The next obvious step up from binoculars is a telescope and these come in a wide variety of sizes and types as well as in different combinations of mirrors, lenses and mounting systems. The next video gives a brief introduction to the three most common types of telescope optics.
The main part of any telescope is the primary lens or mirror, often referred to as the ‘objective’. As Jo explains in the video, small telescopes often use a primary lens but larger telescopes, including COAST, use a curved mirror to collect and focus the light. This is because mirrors have numerous advantages: they are lighter and easier to manufacture than large diameter lenses; and they do not split the light into different colours, avoiding the problem of coloured fringes around bright objects (chromatic aberration) which can happen with glass lenses. The Hubble Space Telescope and all large observatory telescopes use mirrors rather than lenses for these reasons.
Whether a lens or a mirror, the purpose of the primary element of a telescope is to take all of the light coming into the telescope and focus it into a small area to form an image. For visual observing, this image is viewed through an eyepiece, and for capturing images the light will be focused onto an imaging sensor, which could be a digital camera or a specialised astronomical imaging device (often referred to as a CCD or Charge Coupled Device – essentially a very sensitive imaging sensor). Increasing the exposure time also increases the sensitivity: the photo-sensitive cells in the human eye collect light for only a fraction of a second before the signal is sent to the brain, whereas the pixels in a CCD can collect light over a much longer time, increasing the ability to detect very faint objects.
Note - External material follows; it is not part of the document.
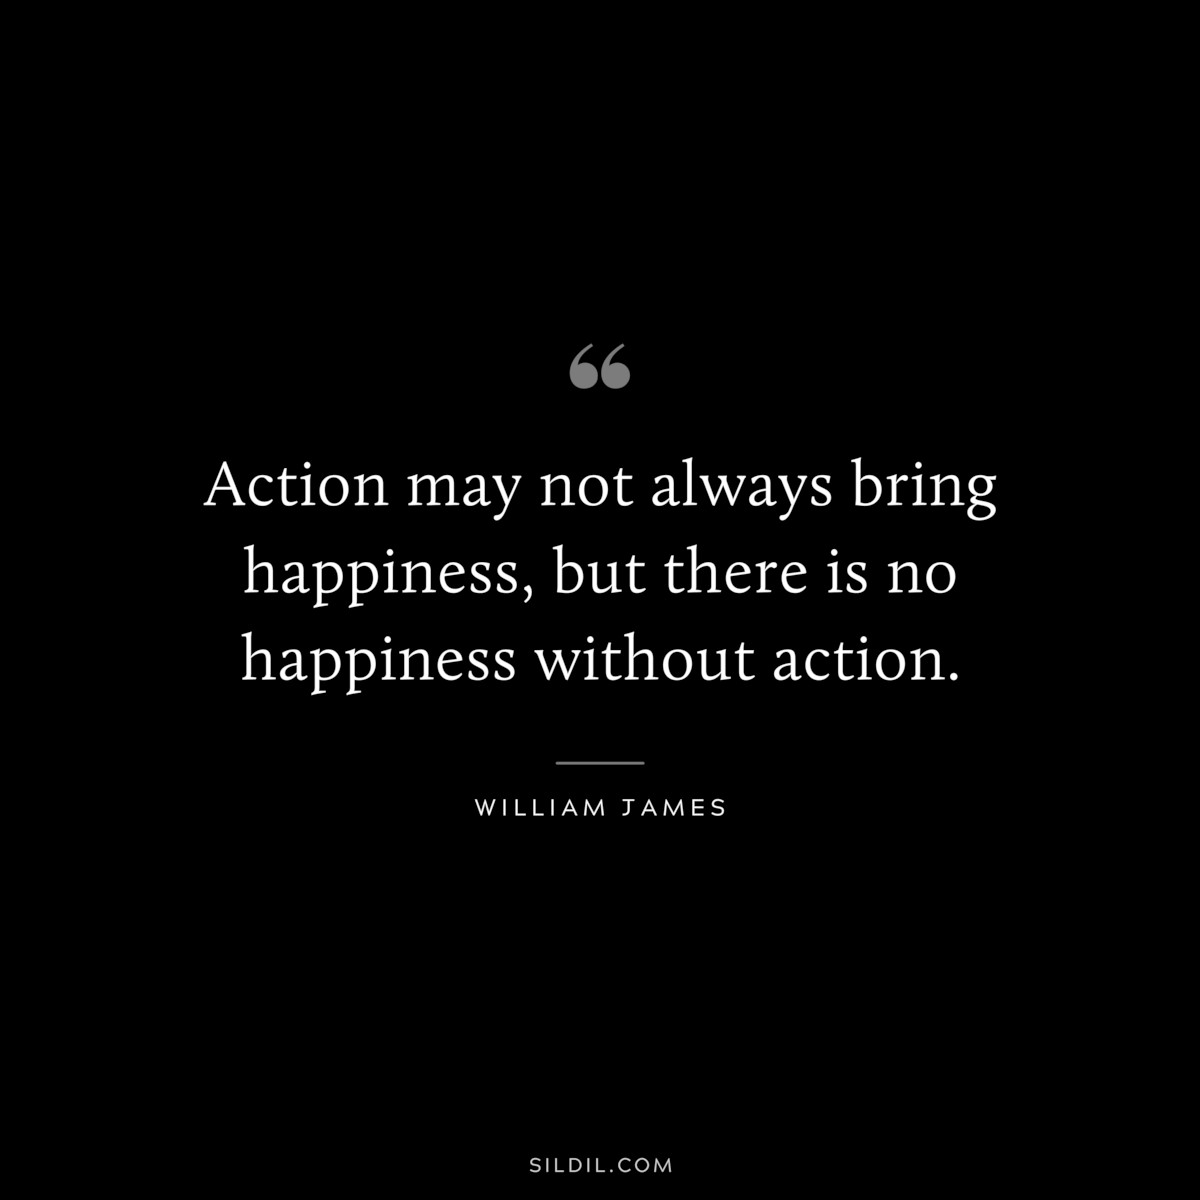 Action may not always bring happiness, but there is no happiness without action. ― William James

Figure 4 shows some common telescope designs. In a lens-based (refracting) telescope the light is focused by a lens at one end of a tube, forming an image at the other end of the tube which can be viewed directly with an eyepiece or imaged with a camera or CCD sensor. In a reflecting telescope, the objective is a curved mirror, usually at the lower end of the tube. This mirror collects light entering the telescope and again focuses it to form an image. A second, smaller mirror (the secondary mirror) is often used to direct light into a camera or eyepiece, although in some cases an imaging sensor is placed inside the tube at the prime focus of the main mirror, where it receives the image directly.
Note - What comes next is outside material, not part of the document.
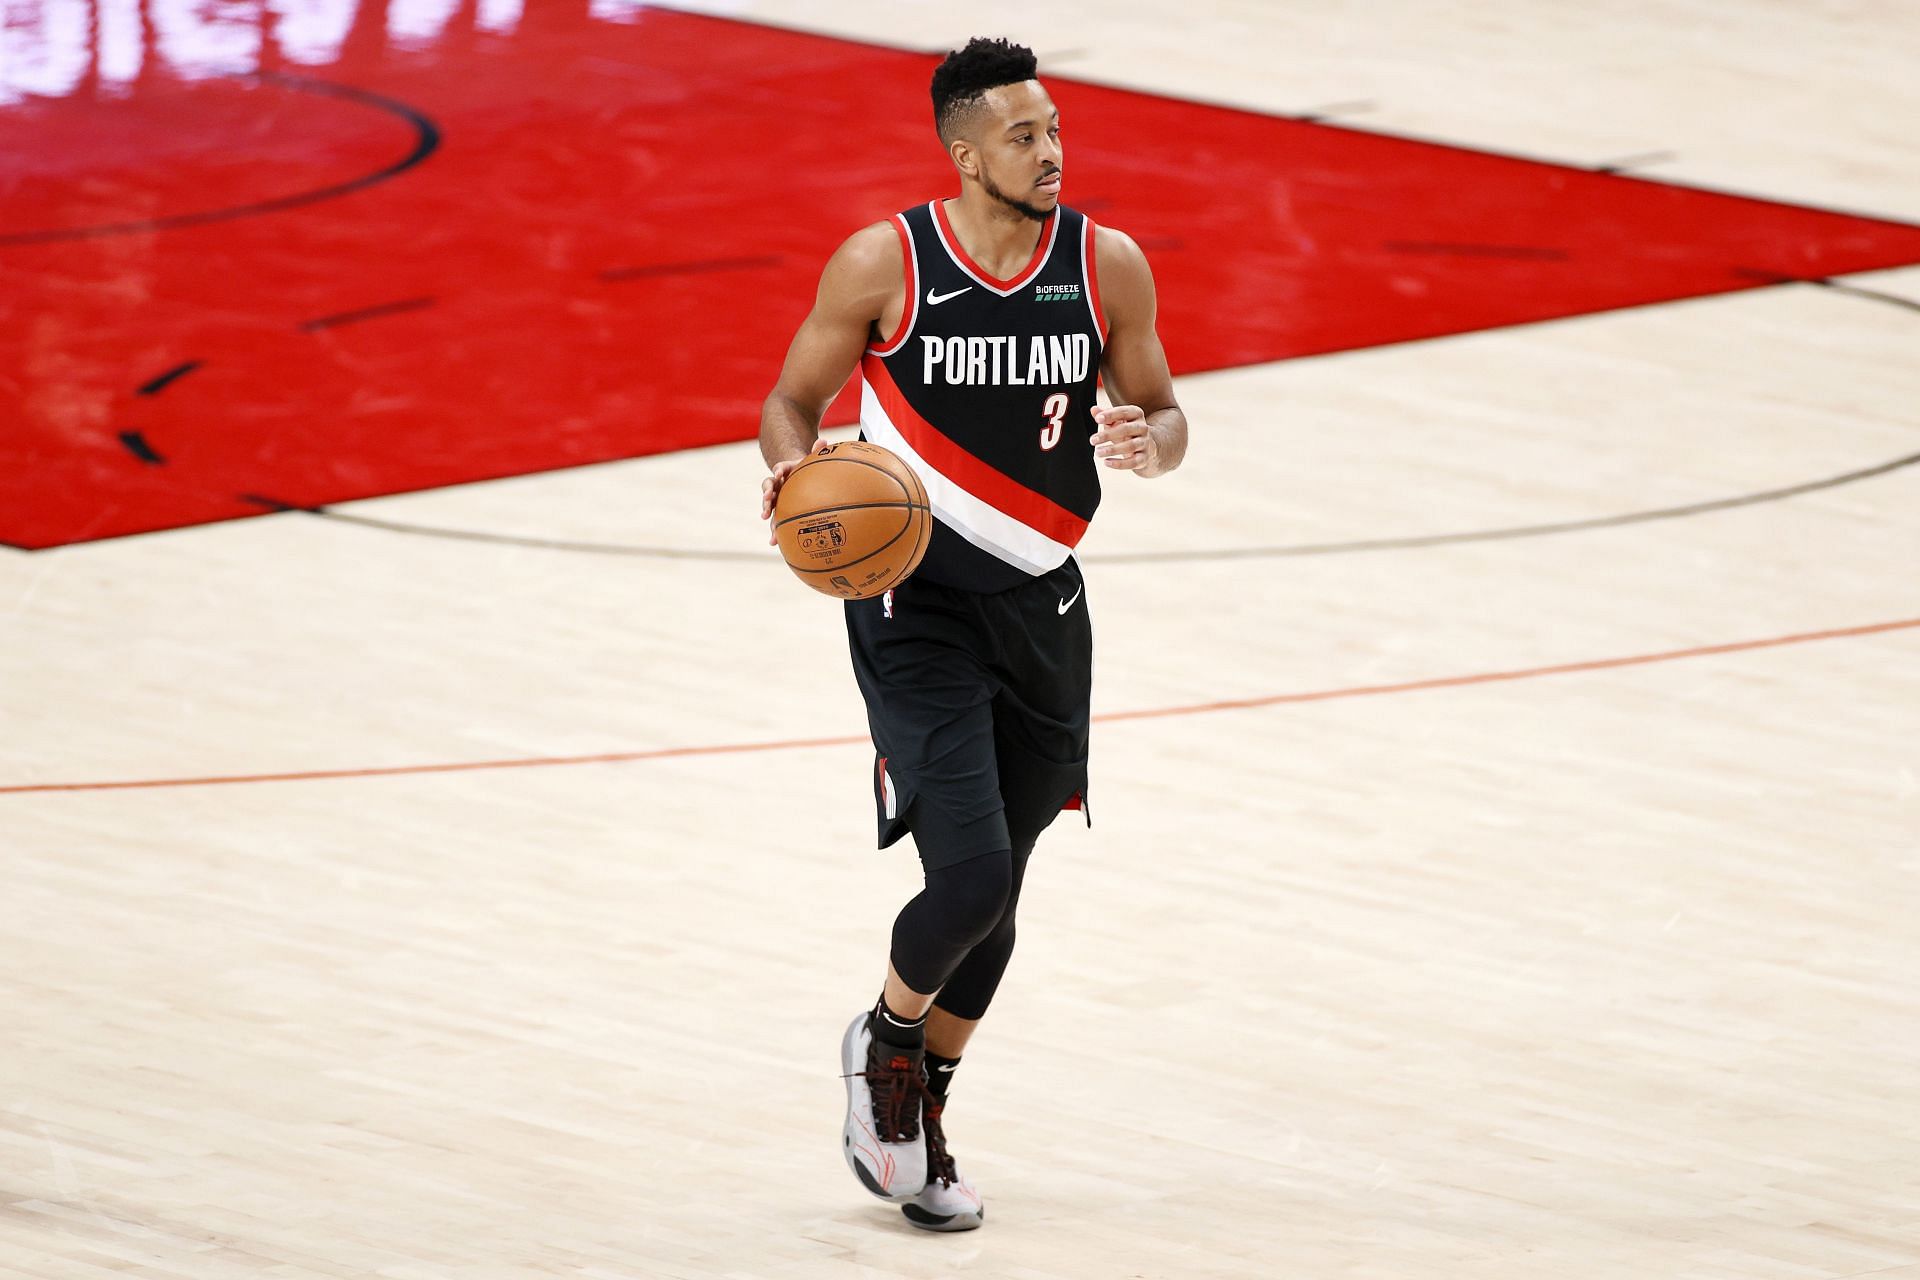 CJ McCollum #3 of the Portland Trail Blazers dribbles against the Denver Nuggets during Round 1, Game 4 of the 2021 NBA Playoffs at Moda Center on May 29, 2021 in Portland, Oregon.

The COAST telescope is of the Schmidt-Cassegrain type, where the secondary mirror directs the light back through a hole in the centre of the primary mirror and onto the imaging CCD, which sits at the back of the telescope. You will visit this telescope in more detail in the video in Section 4.
Whatever the design of the telescope, remember that the main purpose is to collect as much light as possible in order to view or take images of very faint objects. In the quest to observe ever fainter and more distant objects telescopes of ever increasing apertures are being constructed and planned, with the largest land-based optical telescopes having mirrors of up to ten metres in diameter!